- [Exercise details] Skip all pictures. Set down only the lines starting at the line containing "Mascot needed as Eagles return home" and running to the end of the listing.

- [Recorded information]
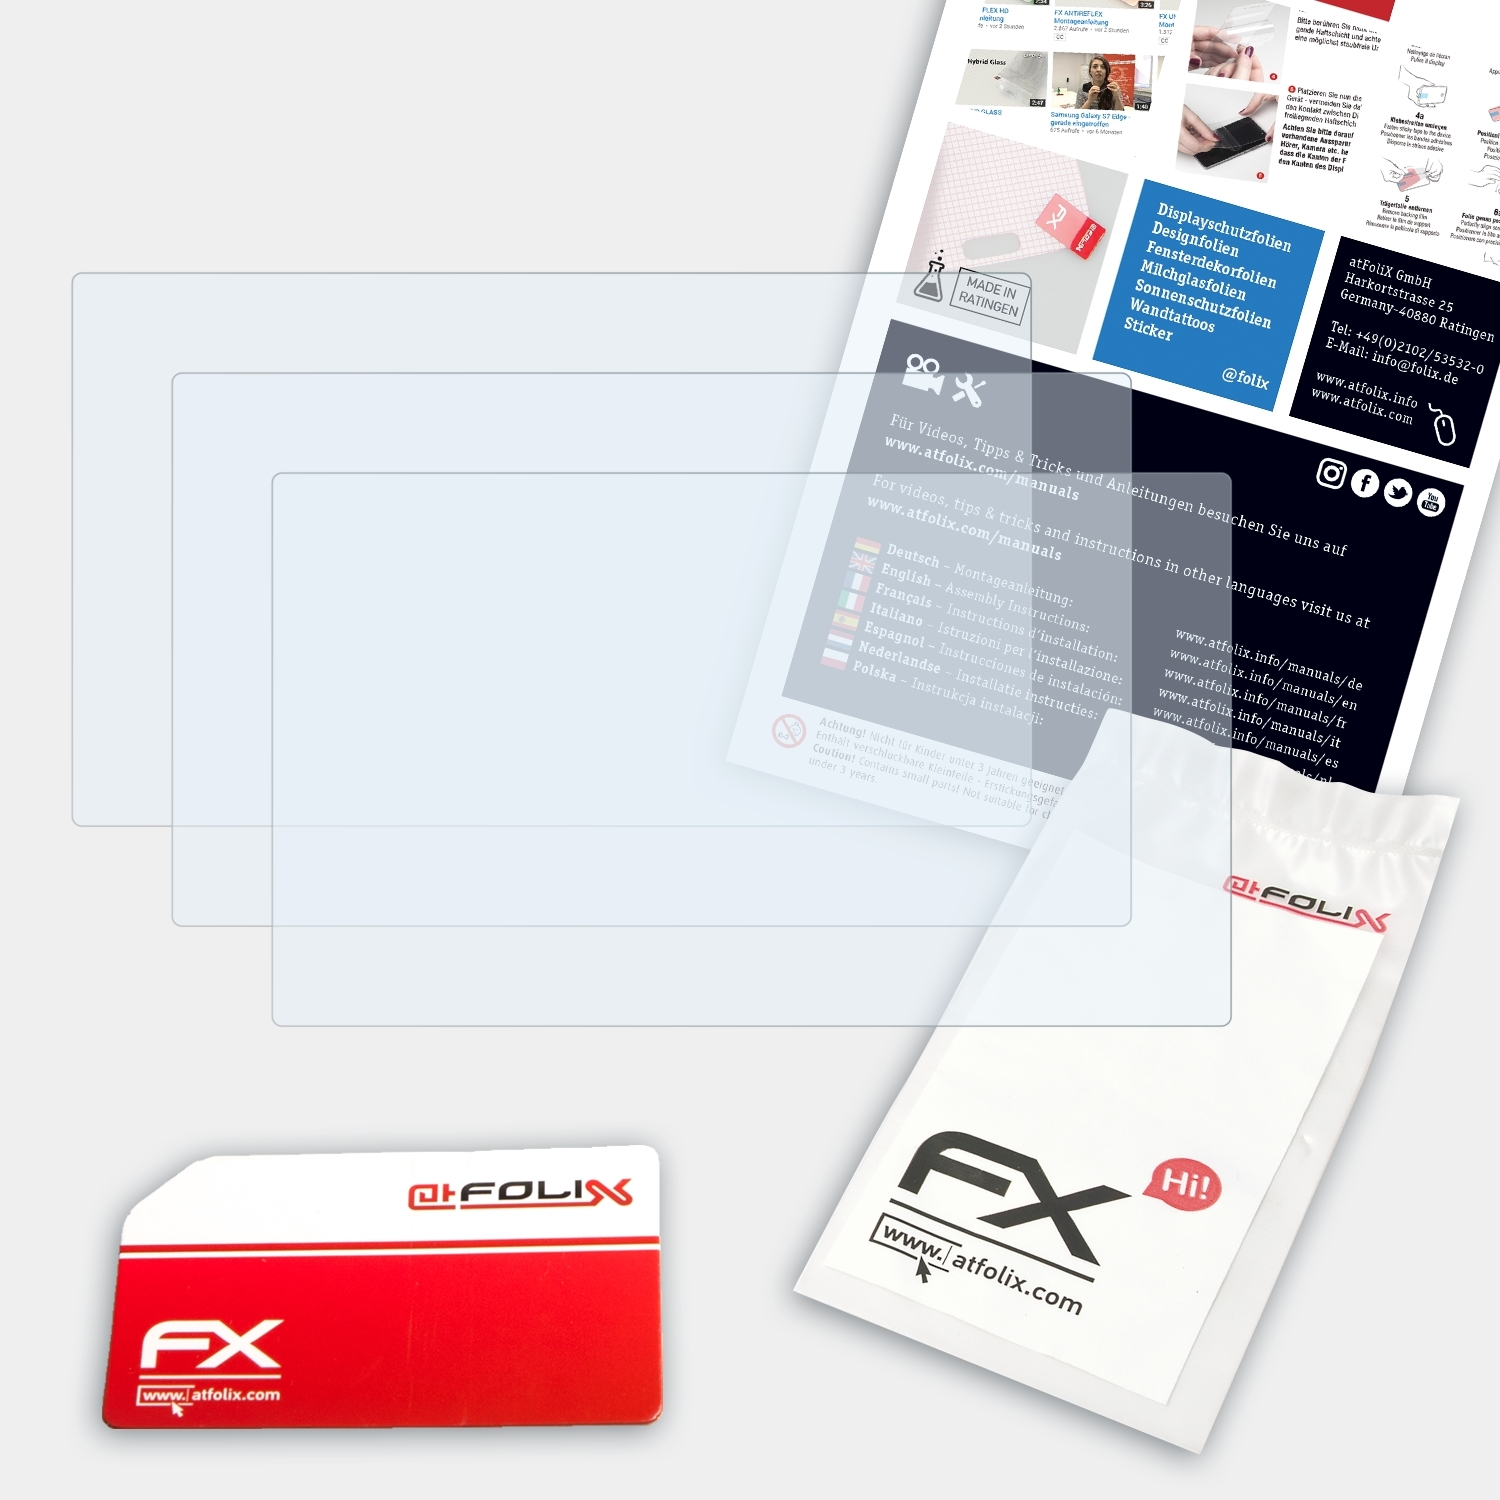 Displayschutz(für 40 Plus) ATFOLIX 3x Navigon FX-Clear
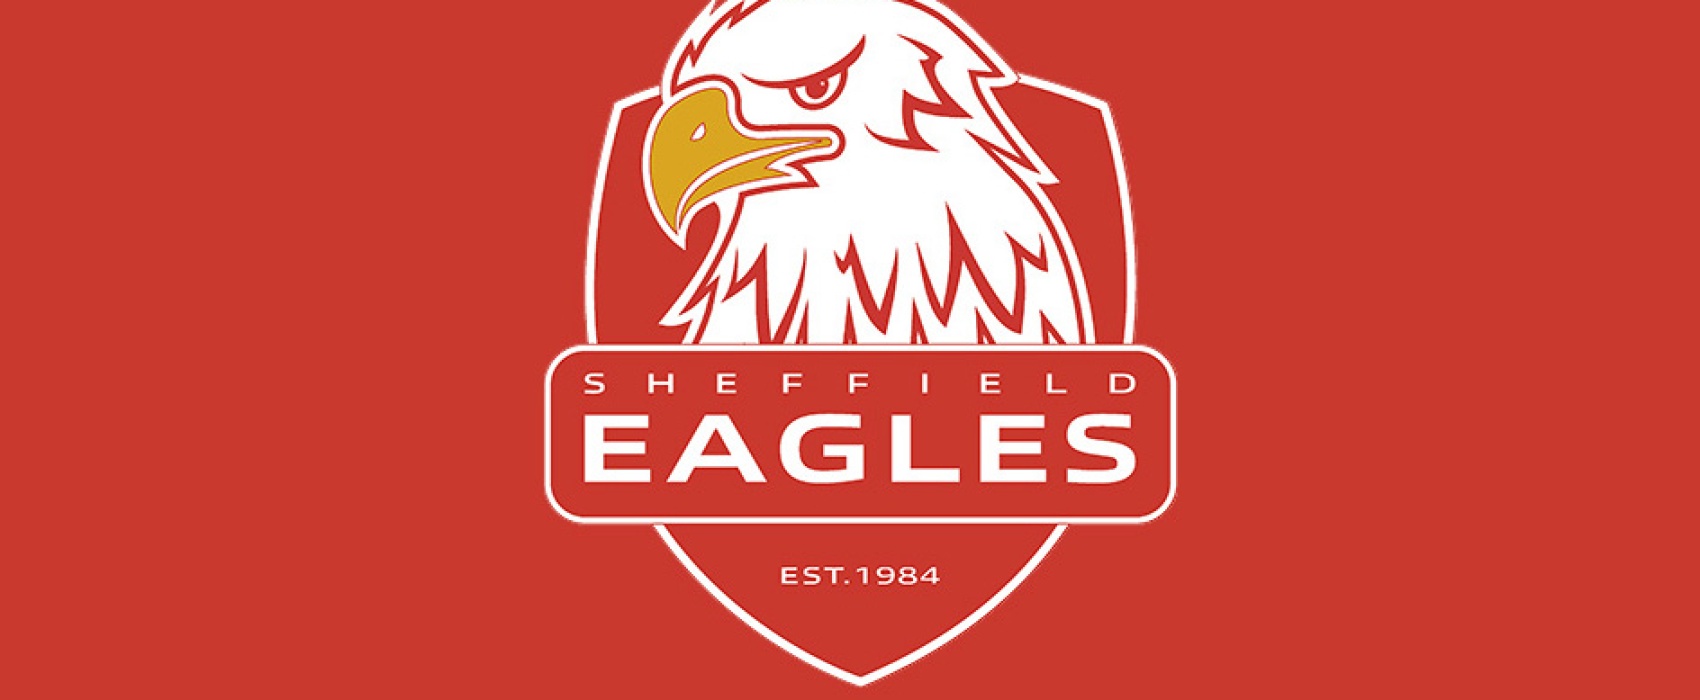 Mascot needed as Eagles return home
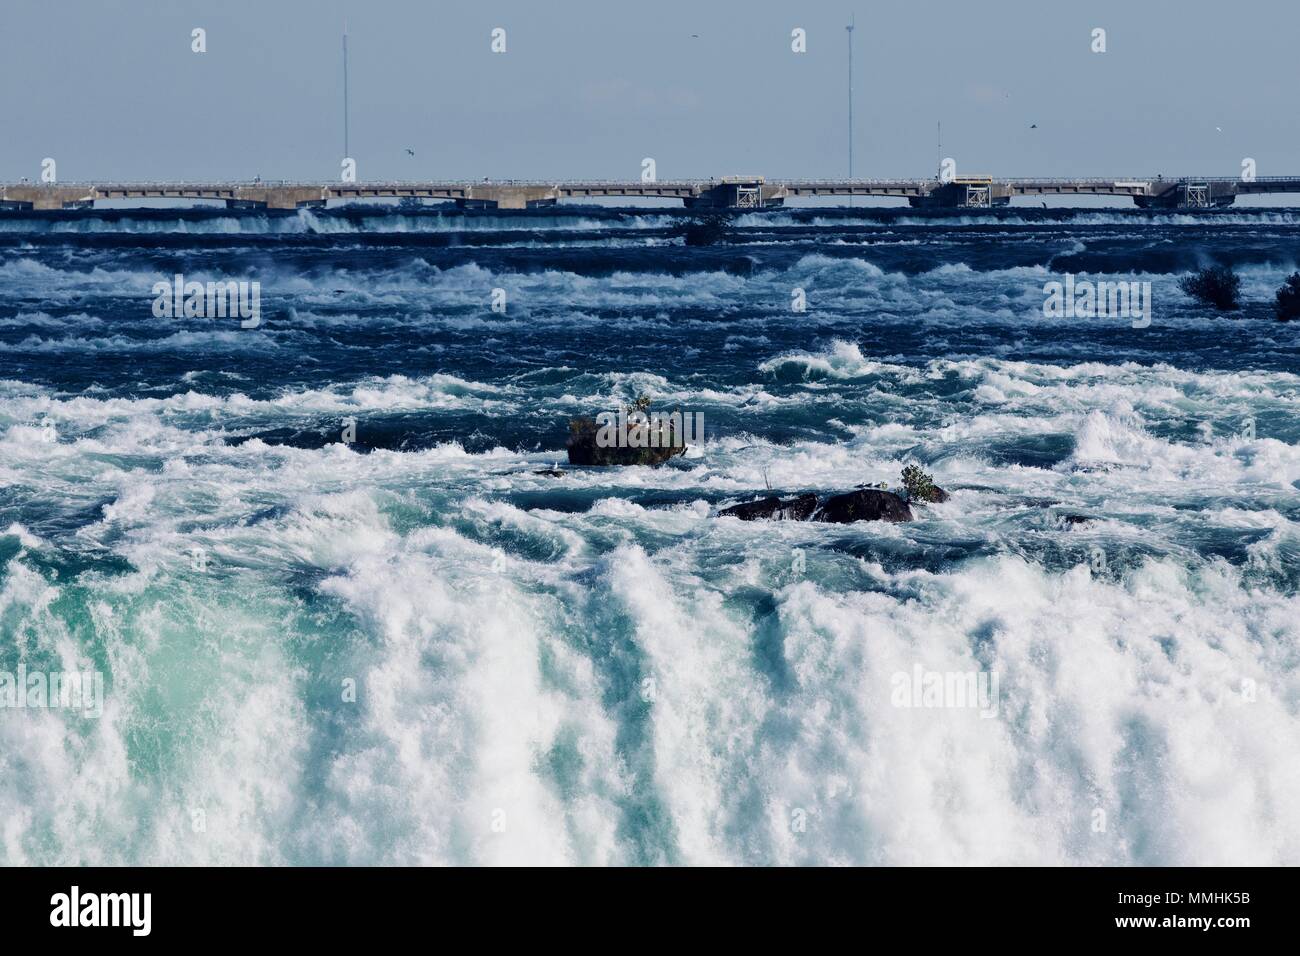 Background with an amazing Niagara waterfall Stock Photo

- [Solution for this problem]
 Mascot needed as Eagles return home
 Background with an amazing Niagara waterfall Stock Photo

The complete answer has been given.